D’autre part, la Vérificatrice déplore le chevauchement de pratiques d’obtention de données de l’état civil des institutions fédérales auprès d’institutions provinciales. Notamment, pour les avis de décès, Élections Canada reçoit l’information sur CD-ROM, l’Agence de revenu du Canada par messages électroniques et Service Canada par courriel sécurisé.
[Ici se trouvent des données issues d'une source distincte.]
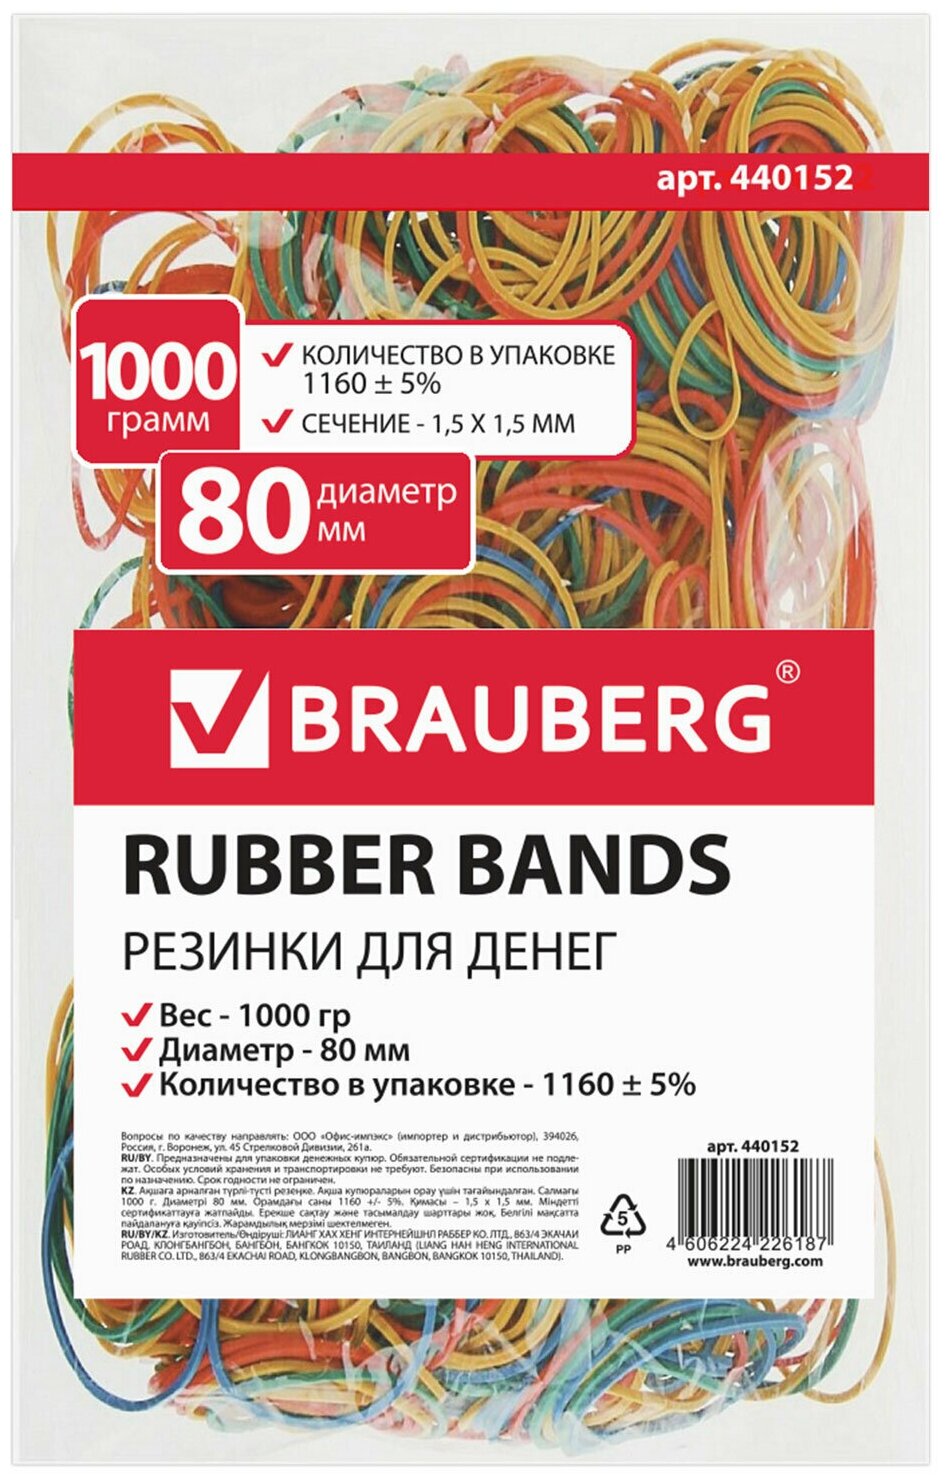 Резинки банковские универсальные диаметром 80 мм, BRAUBERG 1000 г, цветные, натуральный каучук, 440152

« [Les coûts déboursés pour obtenir les avis de décès – 1,10 $ par avis], pris individuellement, ne sont peut-être pas importants; néanmoins, l’administration fédérale paie plus d’une fois pour recevoir les mêmes renseignements », constate la Vérificatrice.
Tout comme il est de mise dans des rapports soumis au Parlement canadien, les institutions fédérales ont, dans l’ensemble, accepté les observations et les recommandations formulées par les deux entités de vérification. Reste à savoir, lors des prochaines évaluations, si les changements promis se seront concrétisés.
Jean-François Ferland est journaliste au magazine Direction informatique.